MATERIAL PROVIDED |
┄┄┄┄┄┄┄┄┄┄
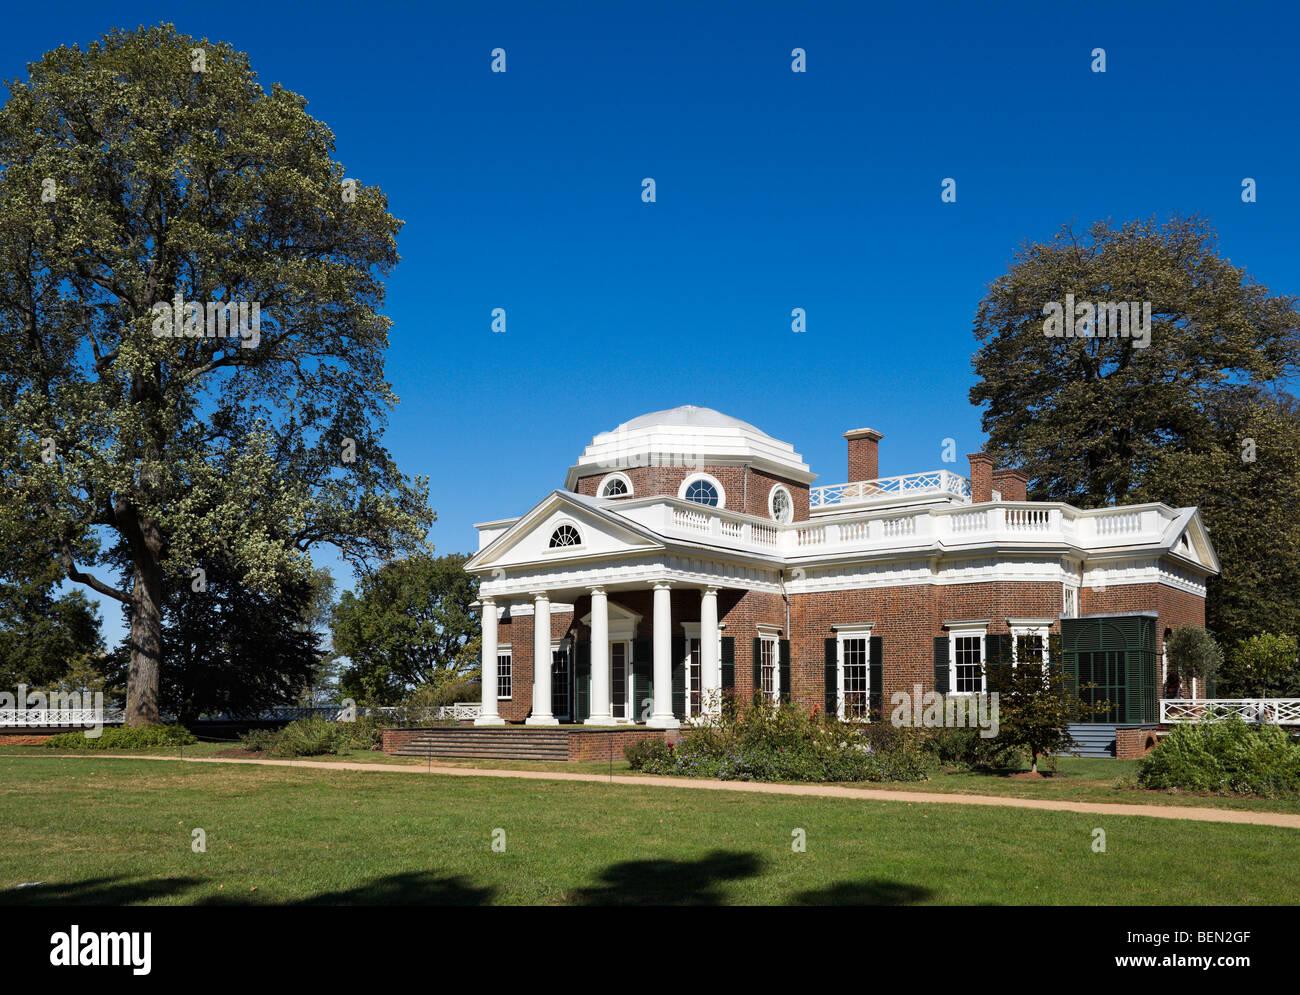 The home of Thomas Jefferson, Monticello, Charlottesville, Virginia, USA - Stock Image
┄┄┄┄┄┄┄┄┄┄
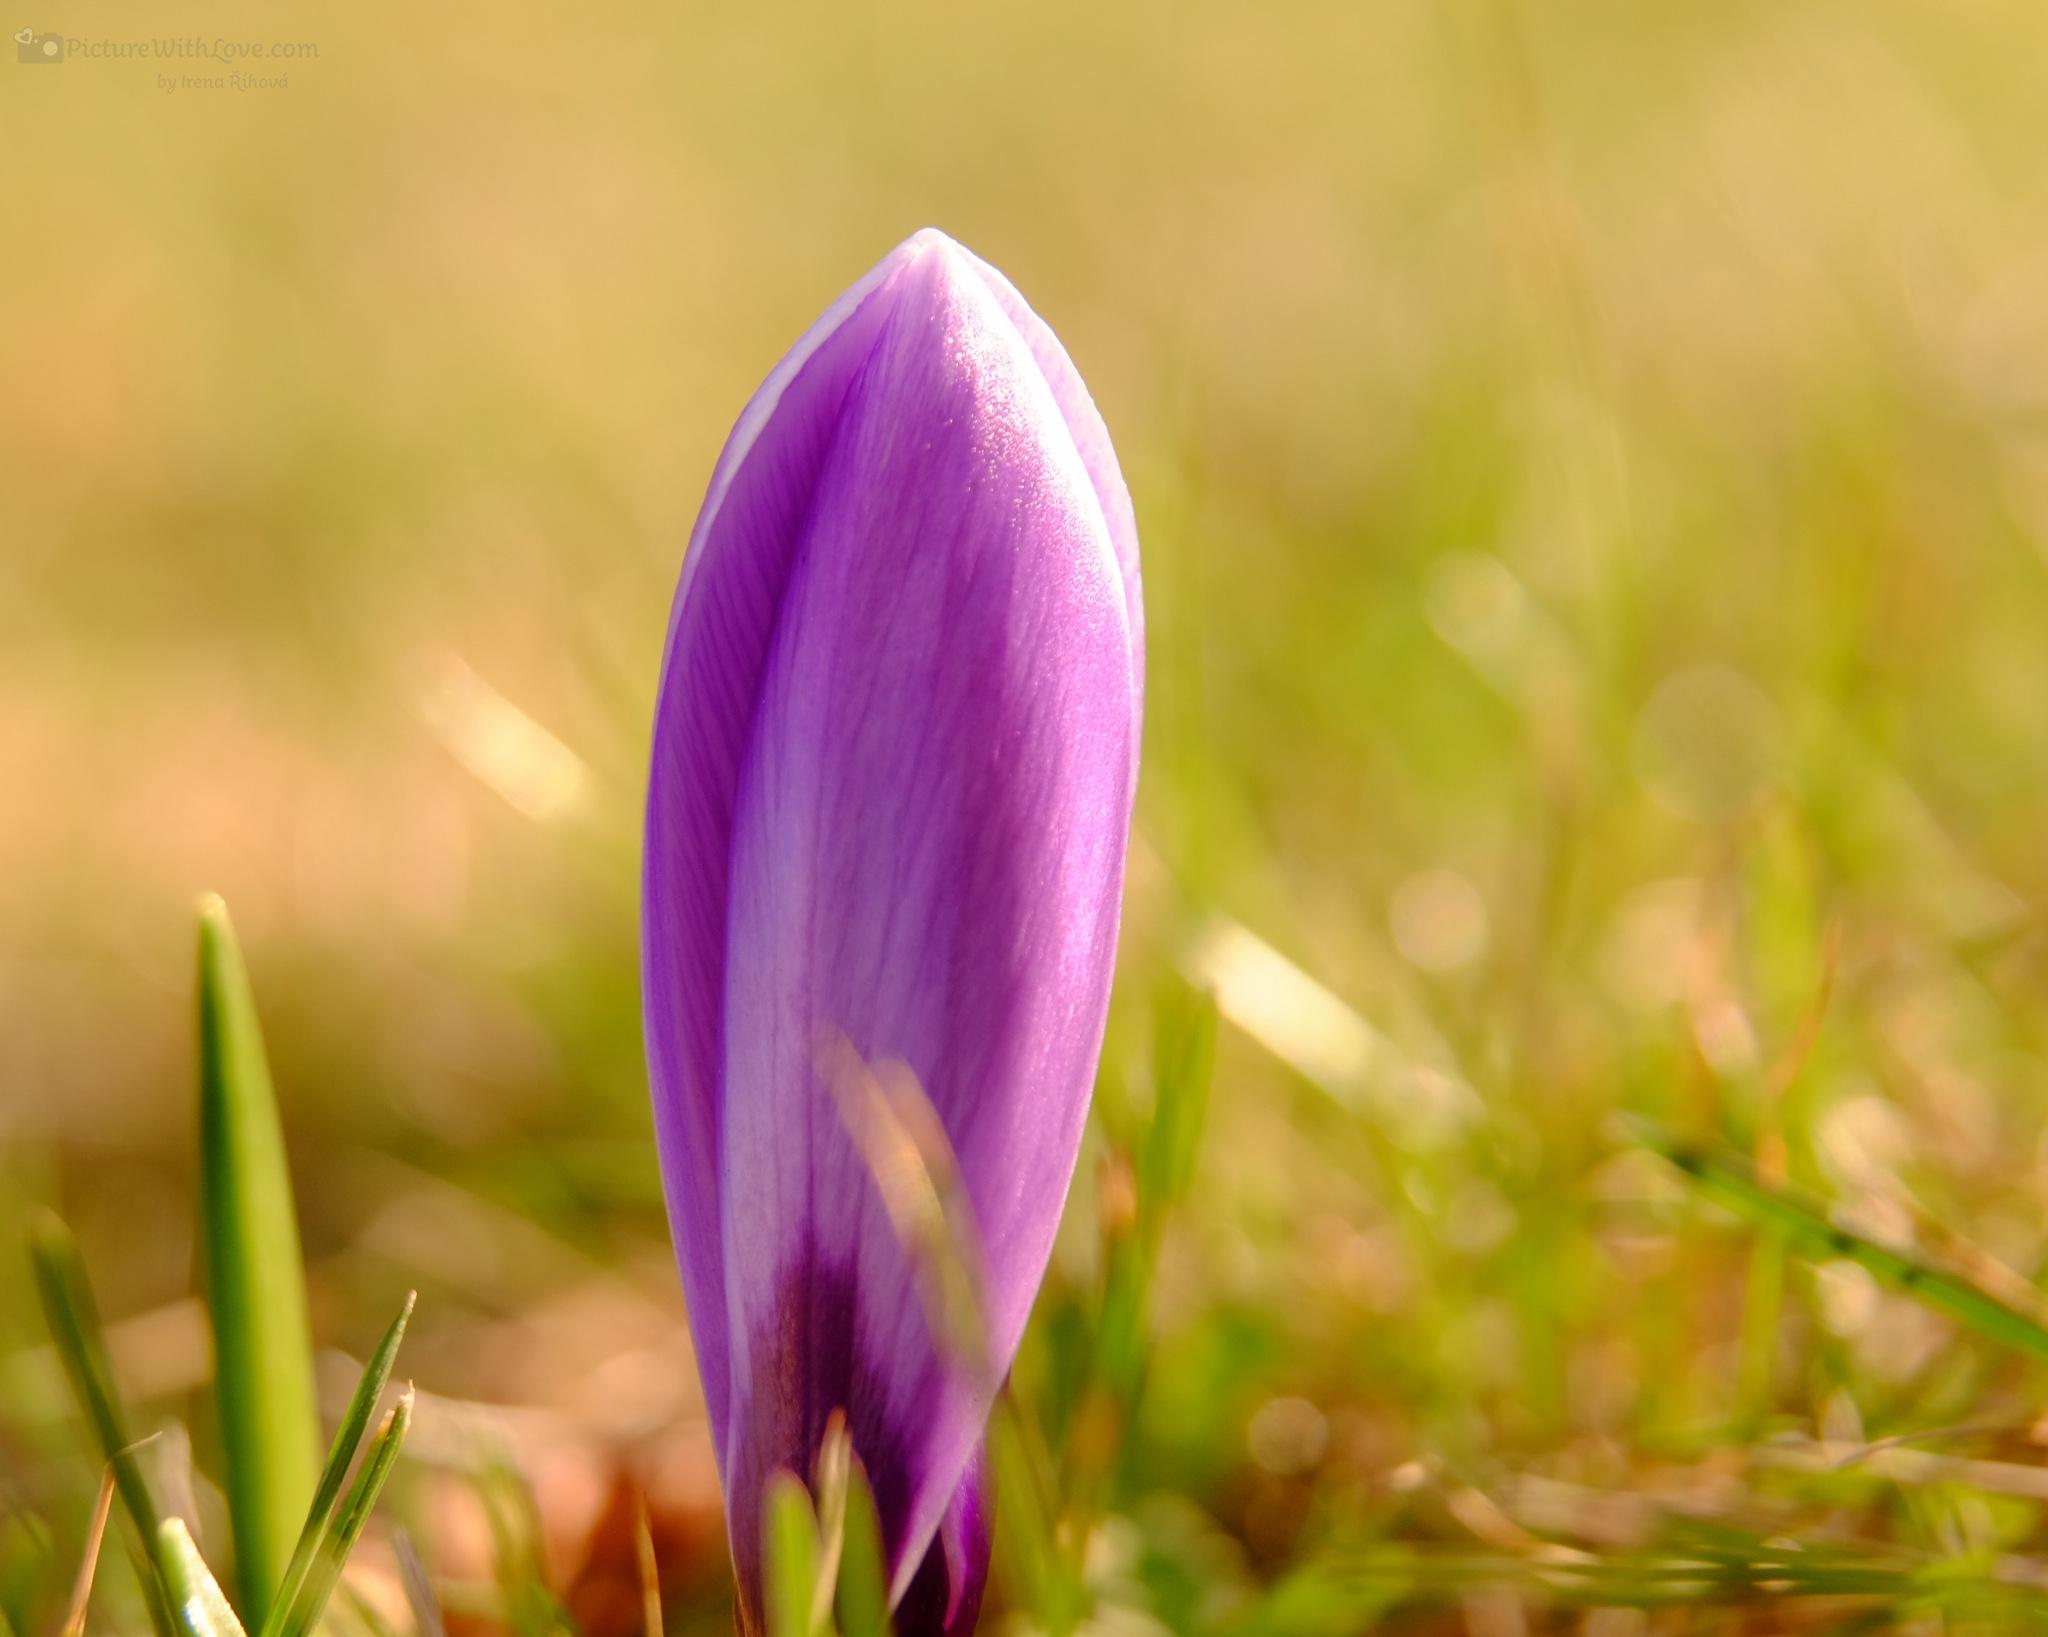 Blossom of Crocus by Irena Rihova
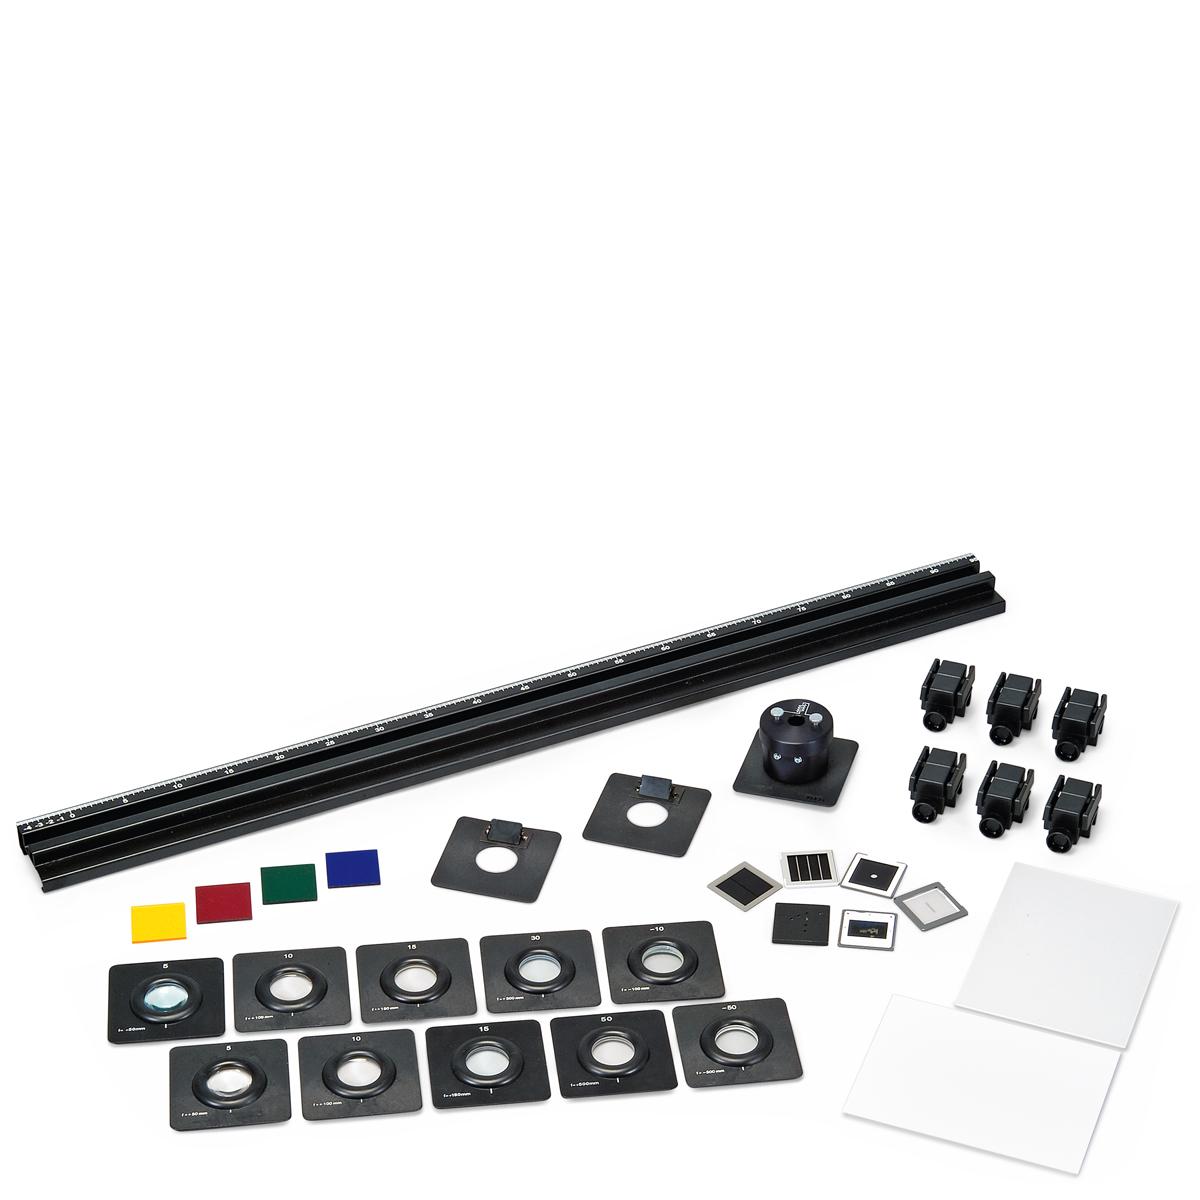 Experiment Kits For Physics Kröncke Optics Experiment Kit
┄┄┄┄┄┄┄┄┄┄
ABOUT THIS EXERCISE |
Pictures excluded, transcribe the listing above exactly from the line with "Blossom of Crocus by Irena Rihova" through the line with "Experiment Kits For", and no further.

EXERCISE RESULT |
 Blossom of Crocus by Irena Rihova
 Experiment Kits For Physics Kröncke Optics Experiment Kit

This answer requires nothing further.